A lovely collectable Rhodonite Galena Crystal Specimen. An Aussie classic, this piece has a good chunk of deep pink Rhodonite and some nicely formed Galena at the base and one of the sides. It is mounted on perspex to go straight into your cabinet. A big light or good daylight really brings out the colour of this piece. A great gift or treat for the Aussie mineral enthusiast.
Broken Hill, New South Wales, Australia.
4.5cm x 4cm x 1cm, 45g.
Rhodonite is an attractive mineral, often carved and used in jewelry. Named in 1819 by Christoph Friedrich Jasche from the Greek “rhodon” or “rhodos” meaning “rose”, referring to its colour. Rhodonite does not react to acids. It is usually associated with black Manganese minerals, Galena and Pyrite.
Color is typically pink to red or orange and even black.
Luster is vitreous to dull to pearly on polished surfaces.
Transparency: Crystals are generally translucent and rarely transparent.
Crystal System is triclinic; bar 1
Crystal Habits include crystals that have a blocky prismatic habit, however crystals are rare. More typically massive, coarse and fine granular aggregates.
Cleavage is perfect in two directions forming prisms with a rectangular cross-section.
Fracture is conchoidal.
Hardness is 5.5 – 6.5.
Specific Gravity is approximately 3.4 – 3.7+ (above average for translucent minerals)
Streak is white.
Associated Minerals are calcite, pyrite, microcline, spessartine, pyroxmangite and other manganese minerals.
Other Characteristics: May tarnish to a brown or black color upon exposure until poslished.
Notable Occurrences include Ural Mountains, Russia; Broken Hill and Tamworth, Australia; Langban, Sweden, Menas Gerais, Brazil and Massachusetts and Franklin, New Jersey, USA.
Best Field Indicators are color, black inclusions, lack of reaction to acid and hardness.
A common and popular mineral for rock hounds. Its cubes, distinctive cleavage and high density make it easy to identify and a favorite in high school geology labs. The structure of Galena is identical to that of halite, NaCl. The two minerals have the same crystal shapes, symmetry and cleavage. Some Galena may contain up to 20% silver. Galena is the leading ore of Silver.
Is the primary ore mineral of lead. Mined for lead as early as 3000 BC. It is found in ore veins with sphalerite, pyrite, chalcopyrite, tennantite and tetrahedrite. It may replace carbonate beds or be deposited in pore spaces. The crystals are bright when fresh but often tarnish after exposure to air and especially when people touch it.

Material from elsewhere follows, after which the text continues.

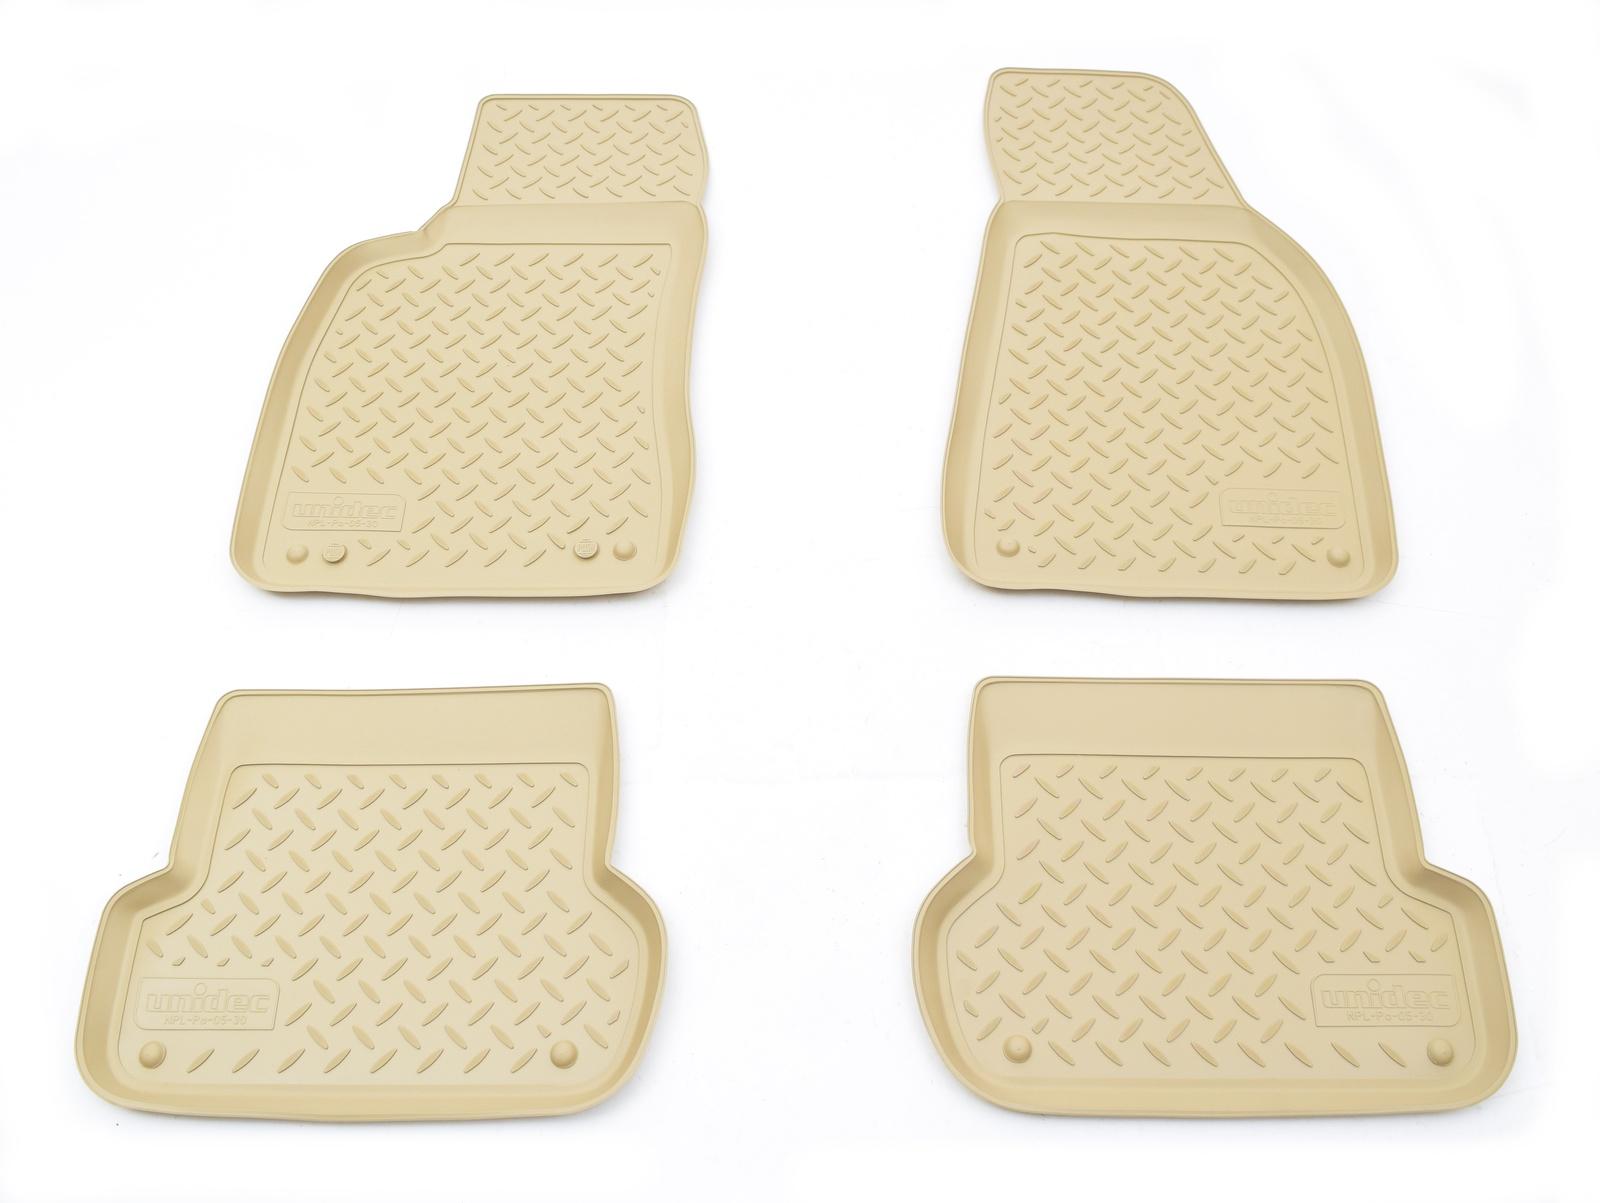 цена на Коврики в салон автомобиля Norplast для Audi A4 B6:8E/B7:8E 2001-2007, NPL-Po-05-30-B, бежевый

Lead sulfide may contain impurities, such as silver, arsenic, antimony, and copper.
One of the first transistors was a Galena Crystal and with a copper wire called “cats-whisker-with crystal”. Galena is a natural semiconductor. Really it formed part of a transistor, a more reliable PN junction or Diode. Experiments took place in the late 1800s and early 1900s with Metal Sulfides. Such an interesting subject I could on on about it.

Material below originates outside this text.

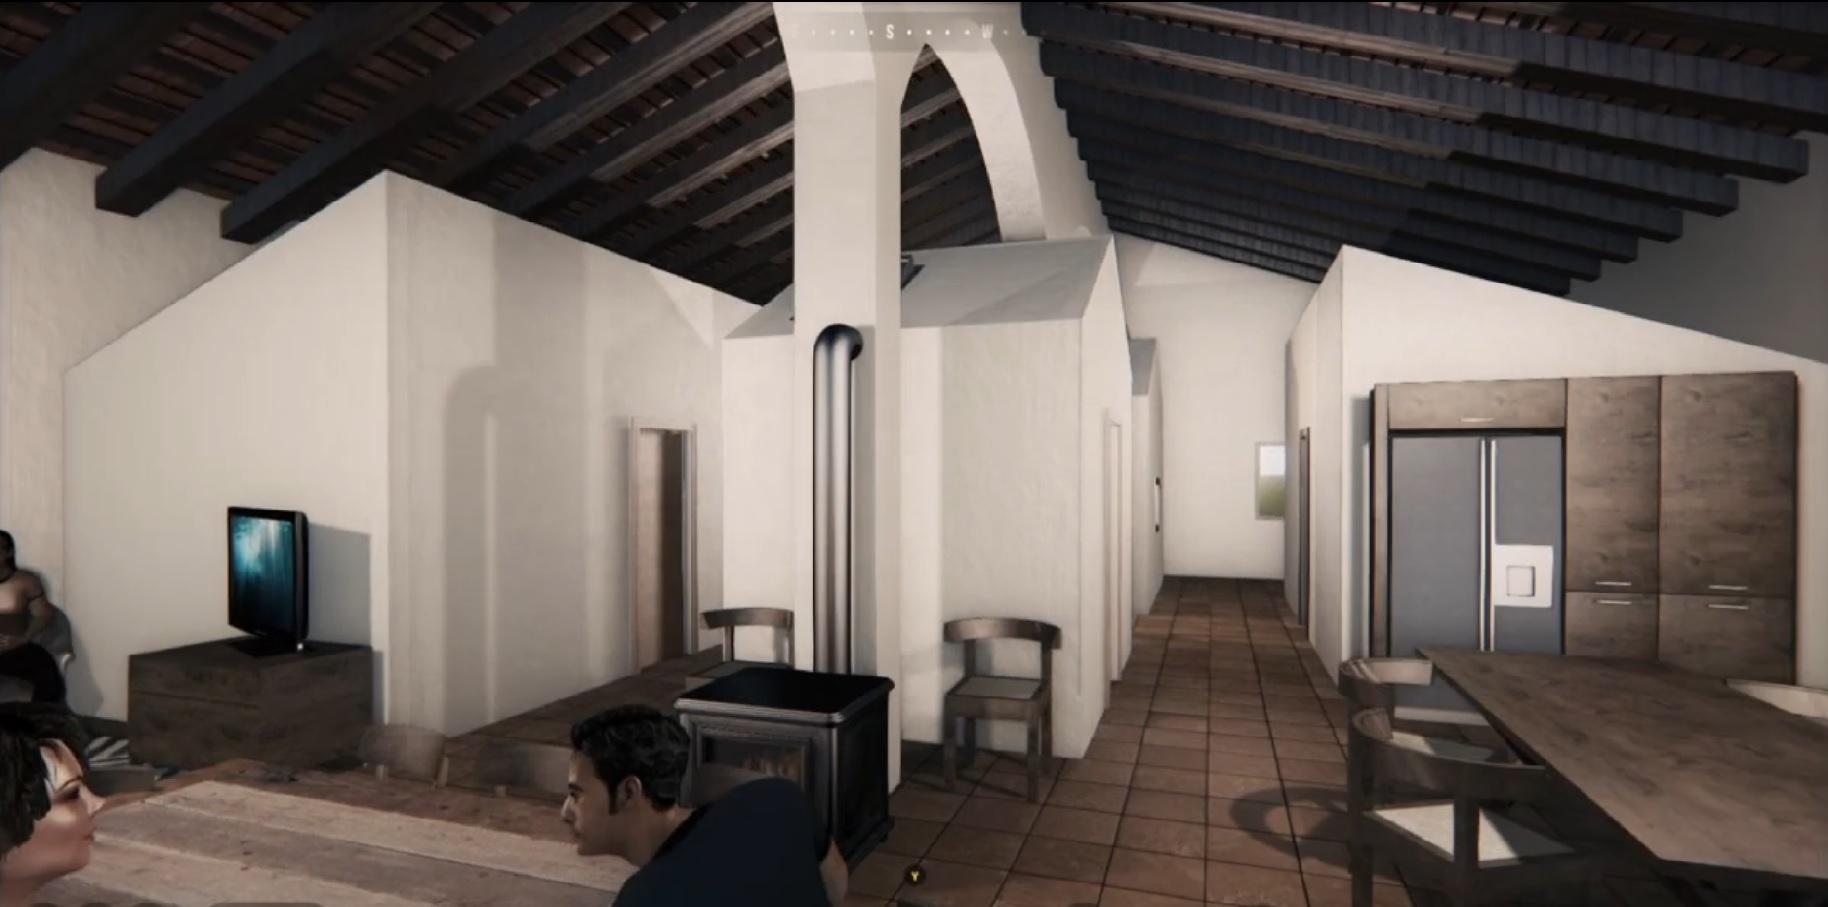 Animación 3d para visualización de propuesta de reforma de bodega a bar restaurante y Hostel

There are many forms of Galena specimens. Cubic Crystal, Octahedron Crystal, Cuboctahedron or Octacube, Truncated, Skeletal, Melted, Wet look and more.
Color is lead to silver gray sometimes with a bluish tint.
Luster is metallic to dull in weathered faces.
Transparency crystals are opaque.
Crystal System is isometric; 4/m bar 3 2/m
Crystal Habits include the cube, octahedron and combinations of the two. Spinel twinning is possible forming flattened crystals. Also massive and granular.
Cleavage is perfect in four direction forming cubes.
Fracture is uneven and rarely seen because of the perfect cleavage.
Hardness is 2.5+
Specific Gravity is approximately 7.5+ (heavy even for metallic minerals)
Streak is lead gray
Chemistry PbS, Lead Sulfide
Uses Major ore of lead and silver, Specimens, previously Plumbing pipes and Paint. It is toxic when ingested or inhaled.
Brighter metallic luster on cleavage surfaces than on crystal faces.
Notable occurrences include Texas-Oklahoma-Missouri area, USA; Germany, Peru, Mexico, Zambia, and England.
Best Field Indicators are crystal habit, cleavage and, perhaps most importantly, density.
Associated Minerals are Cerussite, Anglesite, Quartz, Sphalerite, Chalcopyrite, Pyrite, Bornite, Barite, Siderite, Dolomite, Calcite, Marcasite, Fluorite and then some.